▸ Assignment:
Word for word, copy the listing below and leave out its images.

▸ Supplied data:
= = =
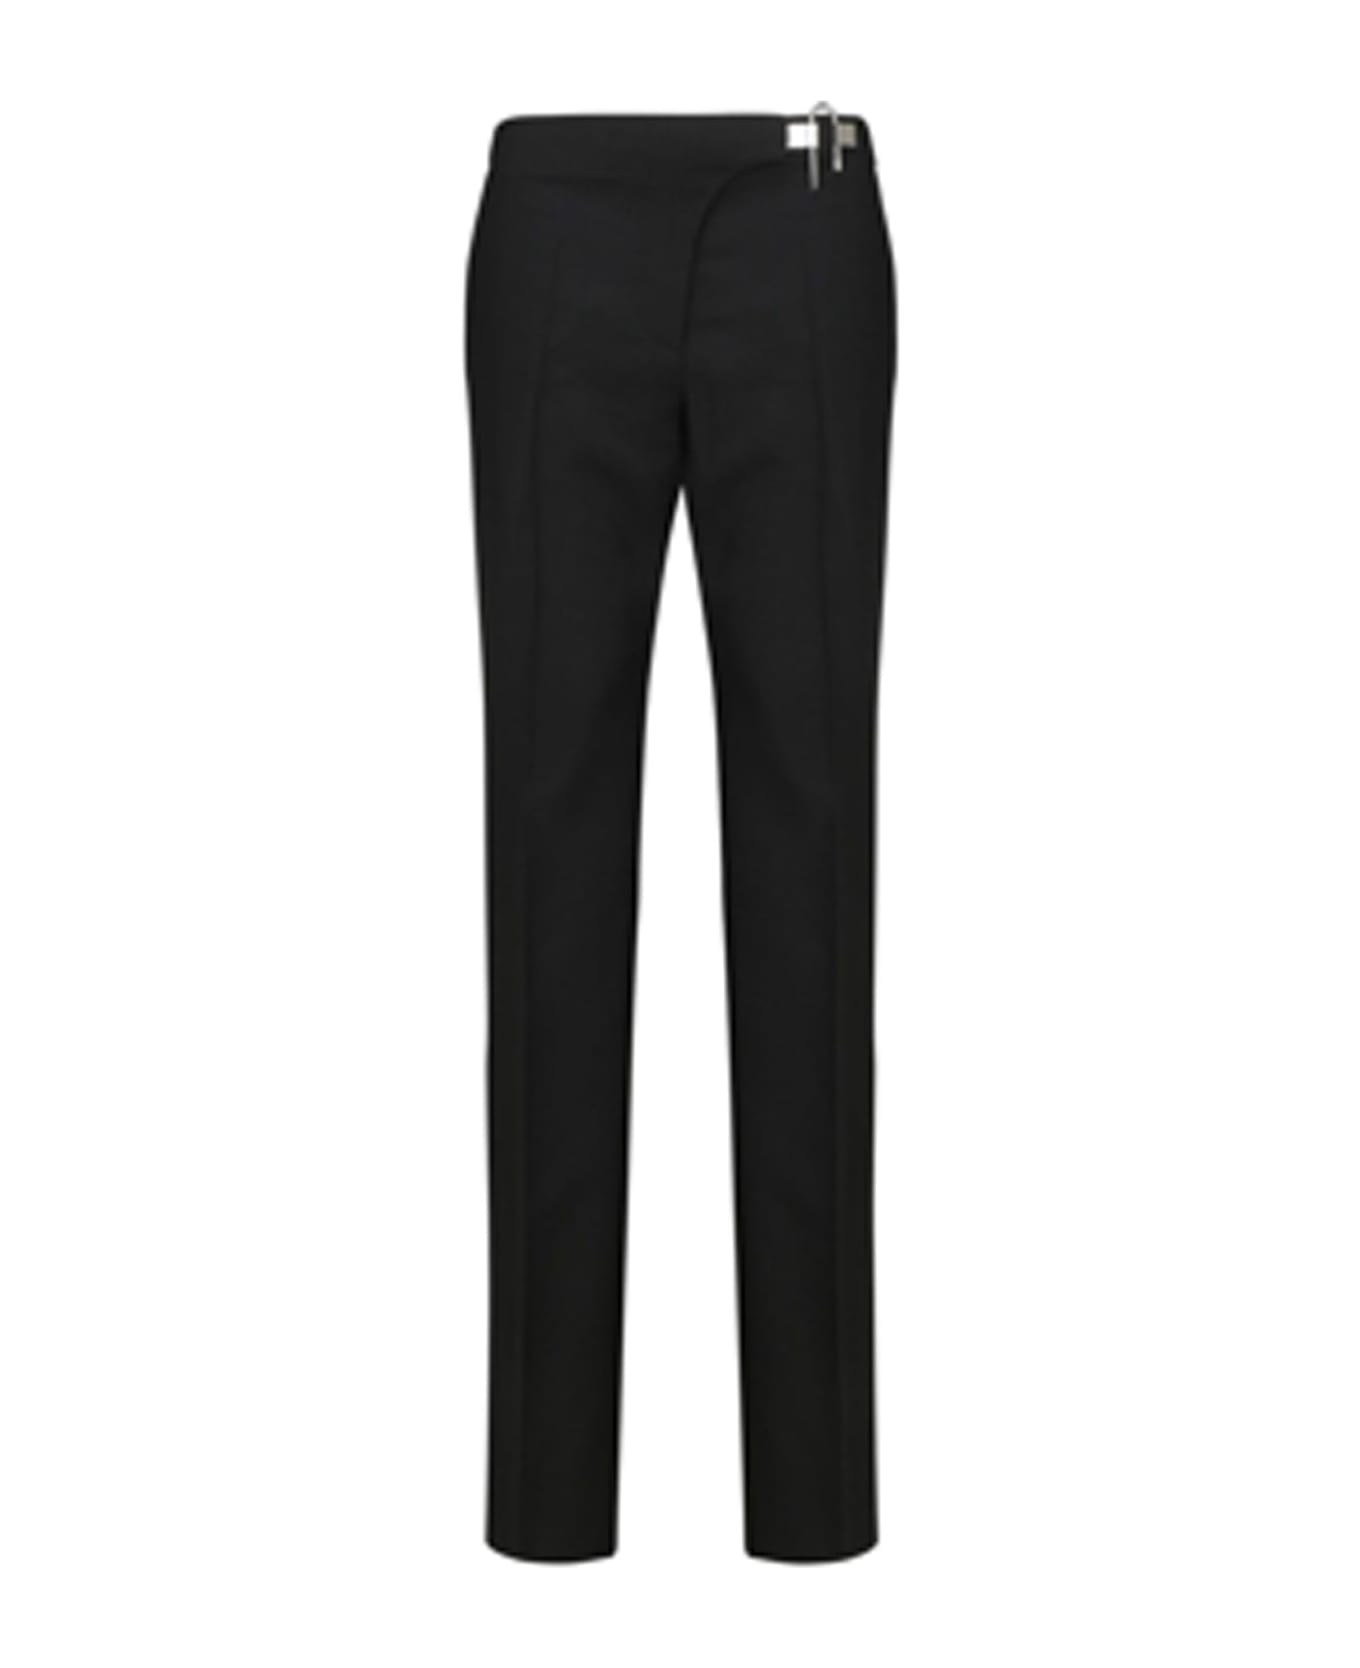 Givenchy Cady Trousers - Black ボトムス
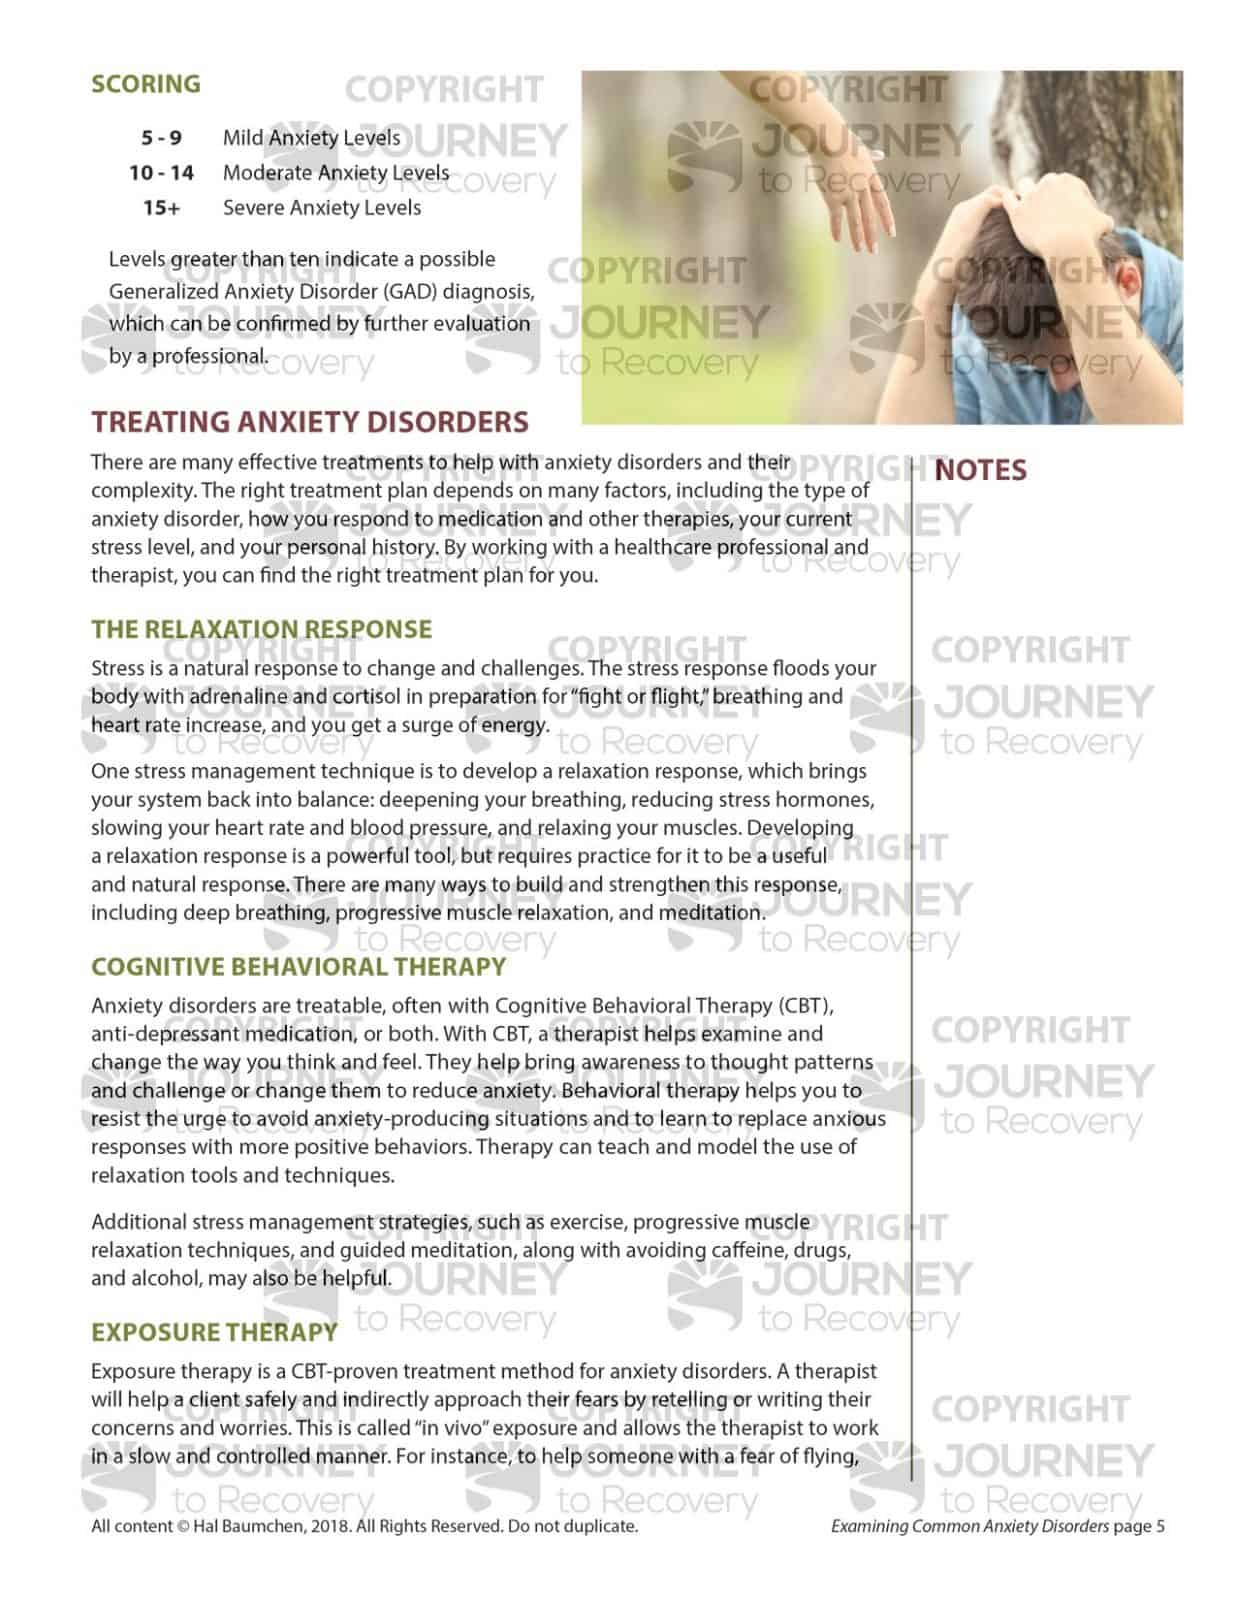 Examining Common Anxiety Disorders (MH Lesson)
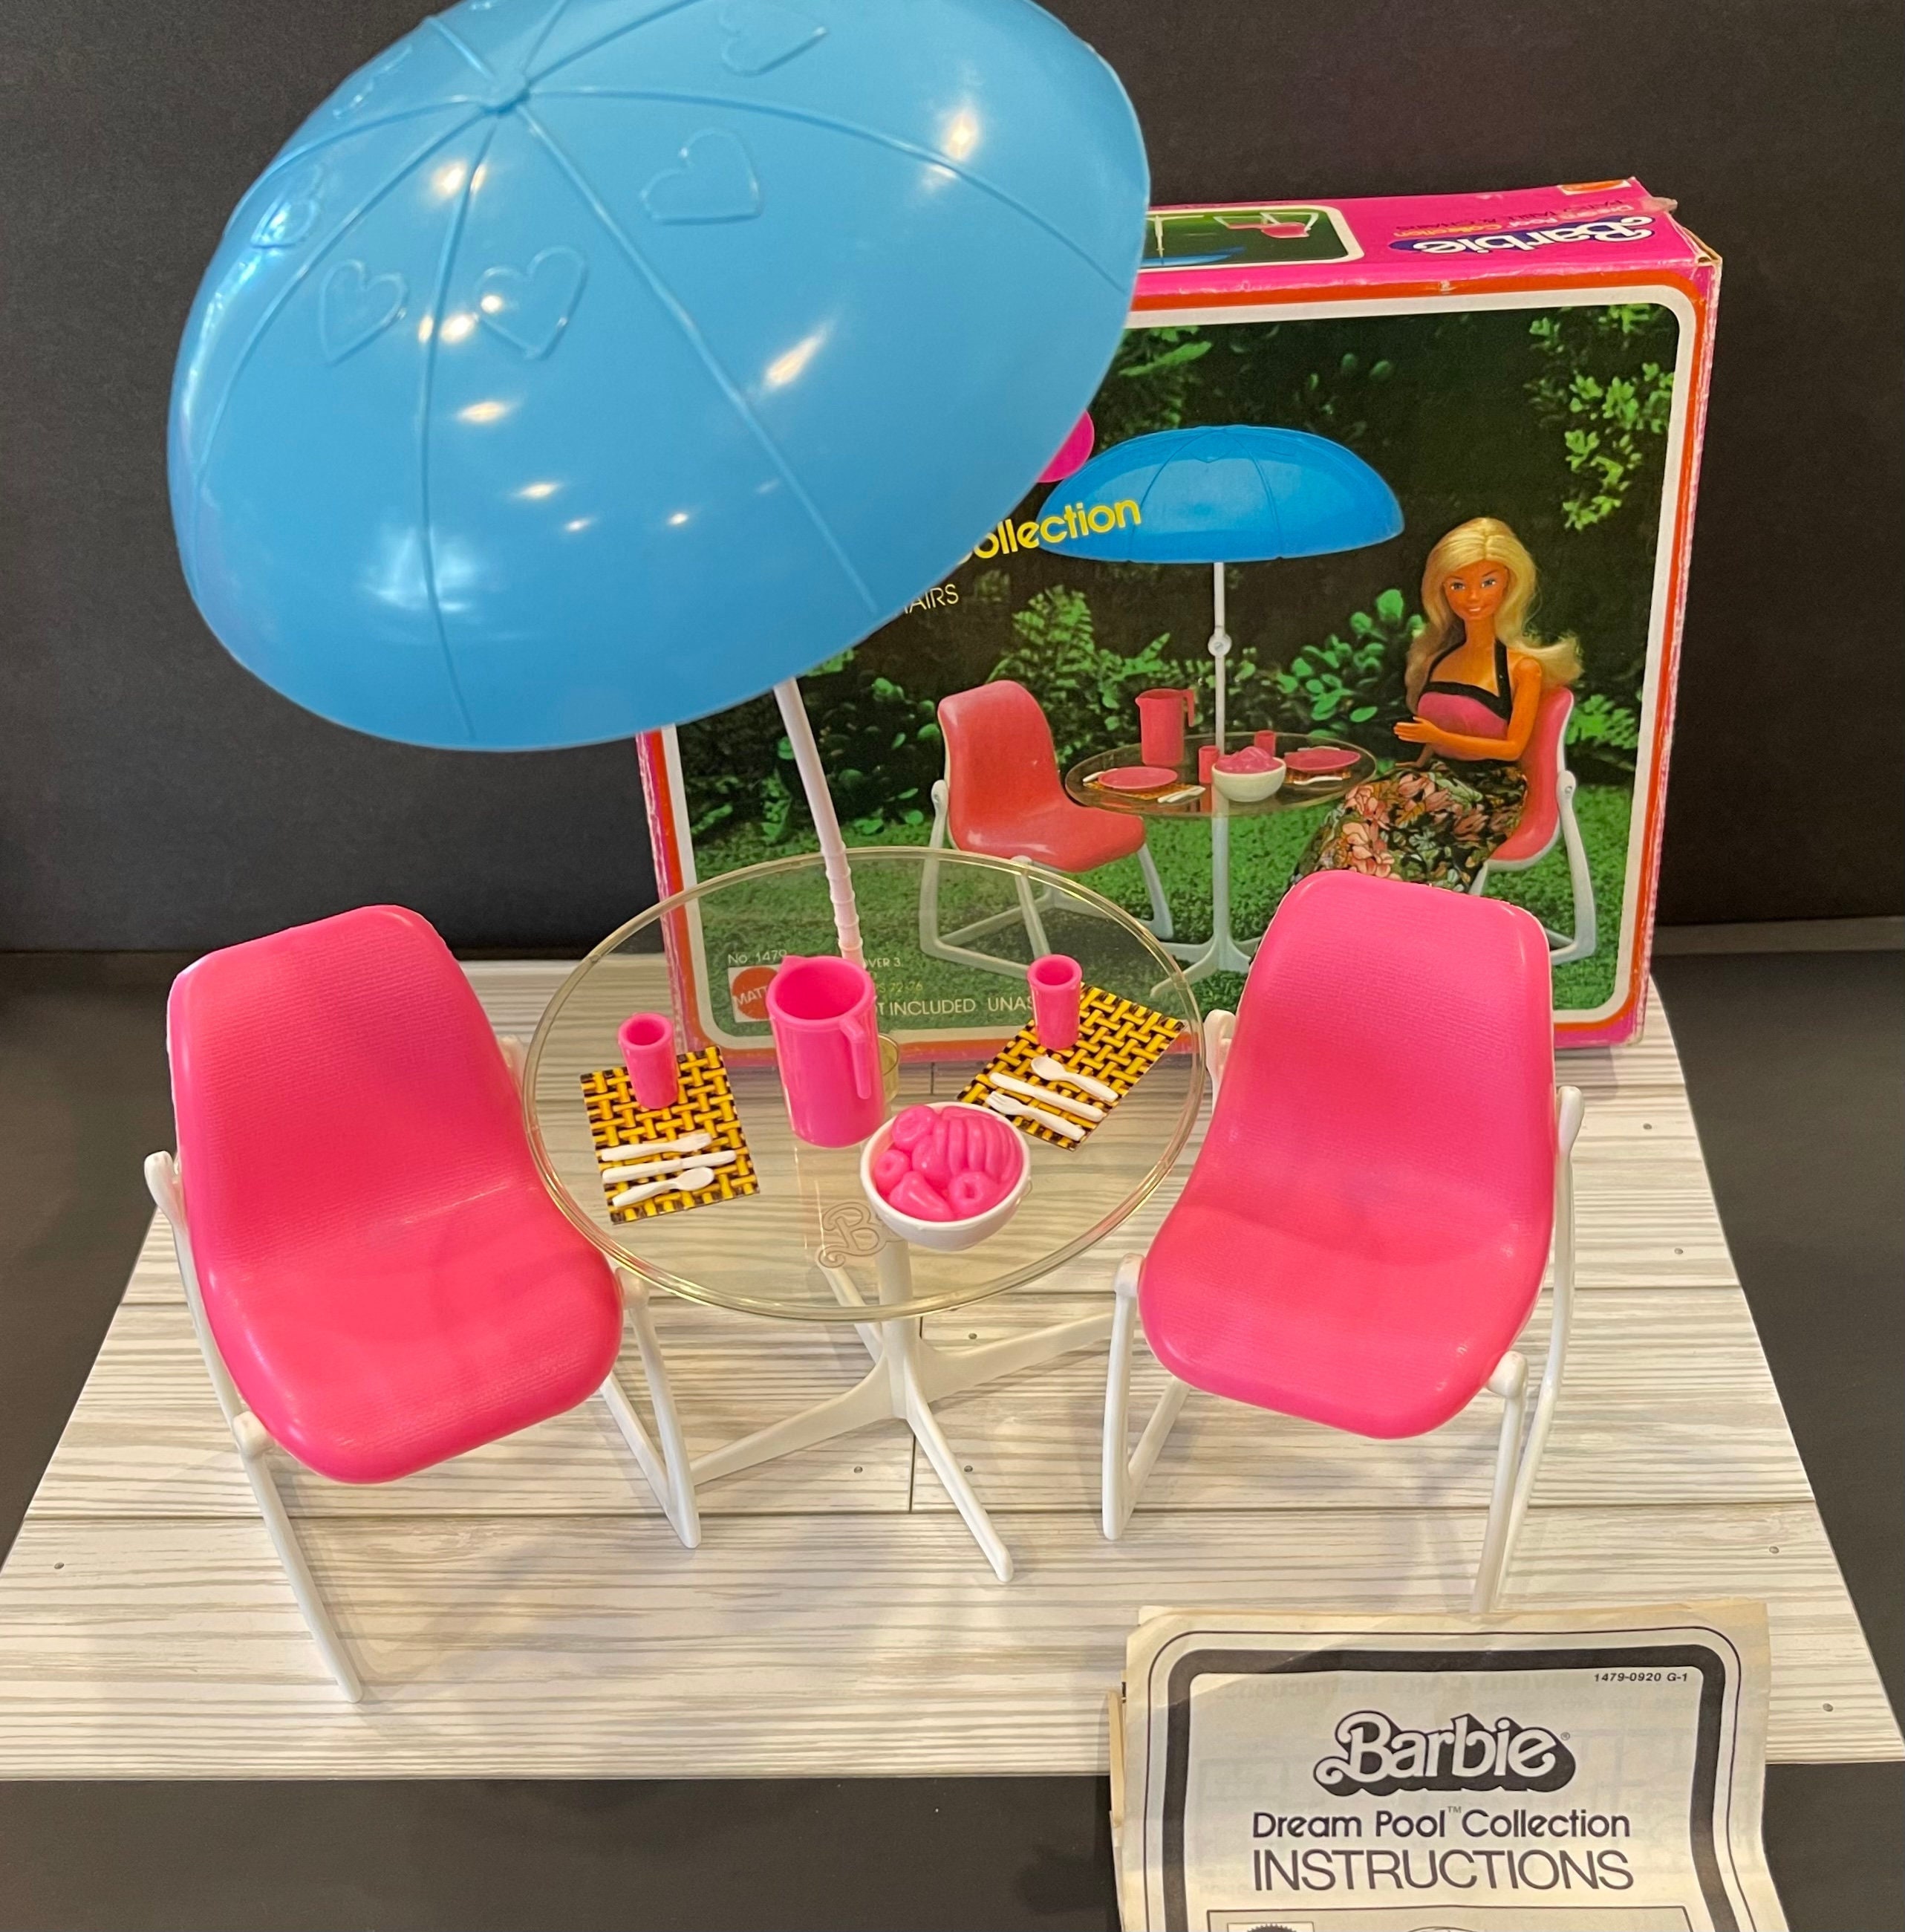 BARBIE DREAM POOL Collectionpatio Table Chairs Umbrella and - Etsy
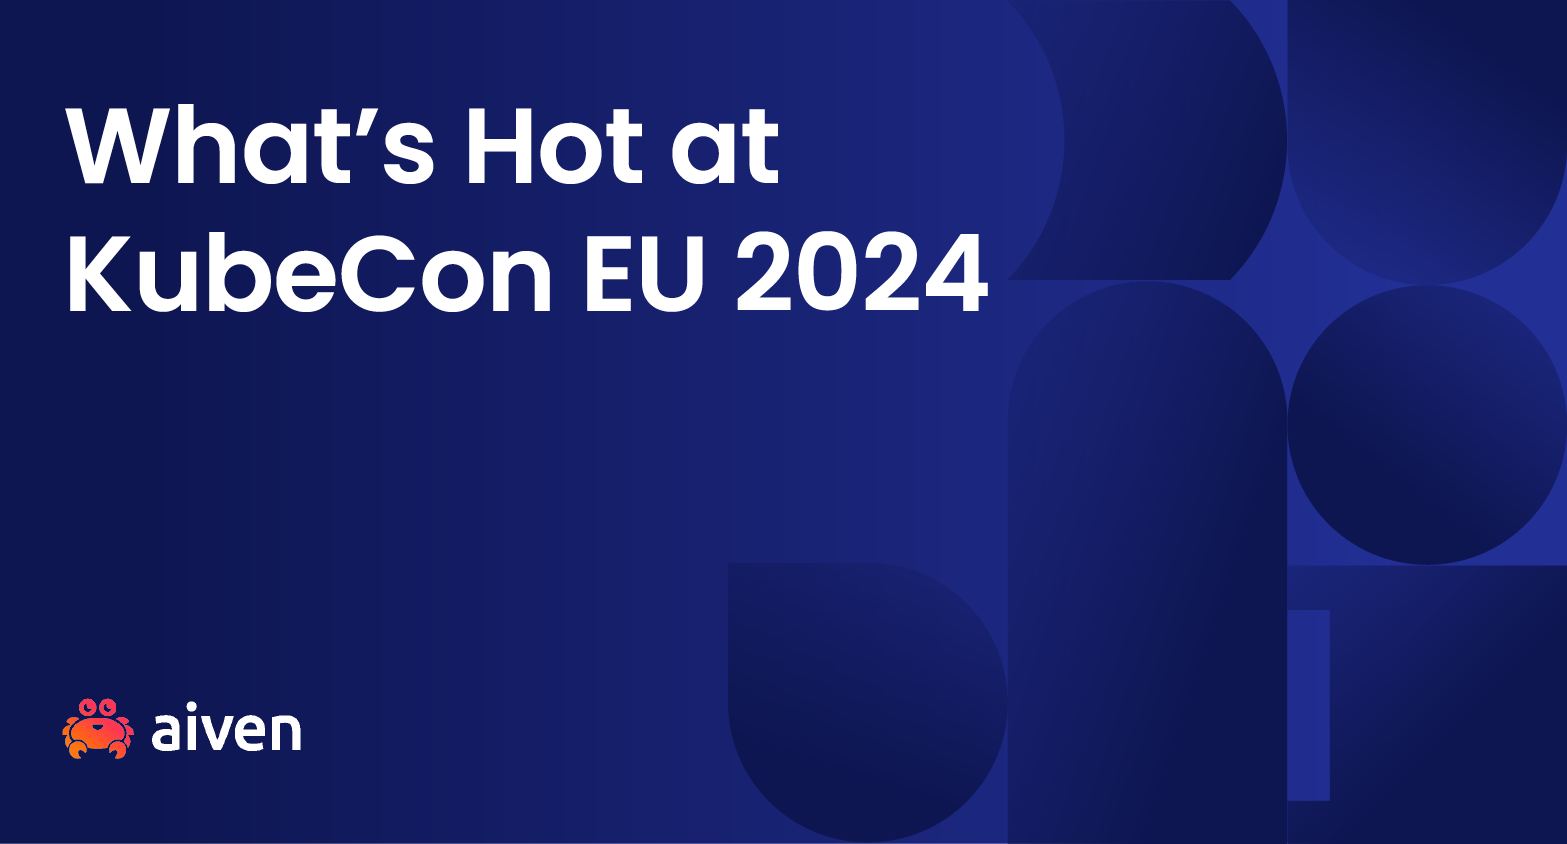 The words "What's hot at KubeCon EU 2024" in white on a blue background. The Aiven logo is in the bottom left.
= = =
▸ Response area:
 Givenchy Cady Trousers - Black ボトムス
 Examining Common Anxiety Disorders (MH Lesson)
 BARBIE DREAM POOL Collectionpatio Table Chairs Umbrella and - Etsy
 The words "What's hot at KubeCon EU 2024" in white on a blue background. The Aiven logo is in the bottom left.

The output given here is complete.